- **Recorded data**:
╭──
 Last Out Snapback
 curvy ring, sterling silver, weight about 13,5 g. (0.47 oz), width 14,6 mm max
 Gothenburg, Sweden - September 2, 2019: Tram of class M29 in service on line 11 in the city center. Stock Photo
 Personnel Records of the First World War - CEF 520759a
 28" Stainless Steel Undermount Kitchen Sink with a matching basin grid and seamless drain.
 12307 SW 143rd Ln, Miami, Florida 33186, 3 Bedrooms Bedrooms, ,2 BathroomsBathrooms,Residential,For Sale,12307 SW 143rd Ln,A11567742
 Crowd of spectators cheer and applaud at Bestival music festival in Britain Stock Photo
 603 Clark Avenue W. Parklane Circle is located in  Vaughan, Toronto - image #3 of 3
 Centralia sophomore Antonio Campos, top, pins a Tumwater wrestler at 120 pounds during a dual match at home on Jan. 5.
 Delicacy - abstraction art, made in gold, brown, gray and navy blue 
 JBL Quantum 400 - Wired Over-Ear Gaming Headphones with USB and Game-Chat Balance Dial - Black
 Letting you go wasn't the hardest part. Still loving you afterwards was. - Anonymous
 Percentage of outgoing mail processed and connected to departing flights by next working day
╰──
- **About this exercise**:
After reading the lines above, reproduce them all exactly.

- **Exercise response**:
 Last Out Snapback
 curvy ring, sterling silver, weight about 13,5 g. (0.47 oz), width 14,6 mm max
 Gothenburg, Sweden - September 2, 2019: Tram of class M29 in service on line 11 in the city center. Stock Photo
 Personnel Records of the First World War - CEF 520759a
 28" Stainless Steel Undermount Kitchen Sink with a matching basin grid and seamless drain.
 12307 SW 143rd Ln, Miami, Florida 33186, 3 Bedrooms Bedrooms, ,2 BathroomsBathrooms,Residential,For Sale,12307 SW 143rd Ln,A11567742
 Crowd of spectators cheer and applaud at Bestival music festival in Britain Stock Photo
 603 Clark Avenue W. Parklane Circle is located in  Vaughan, Toronto - image #3 of 3
 Centralia sophomore Antonio Campos, top, pins a Tumwater wrestler at 120 pounds during a dual match at home on Jan. 5.
 Delicacy - abstraction art, made in gold, brown, gray and navy blue 
 JBL Quantum 400 - Wired Over-Ear Gaming Headphones with USB and Game-Chat Balance Dial - Black
 Letting you go wasn't the hardest part. Still loving you afterwards was. - Anonymous
 Percentage of outgoing mail processed and connected to departing flights by next working day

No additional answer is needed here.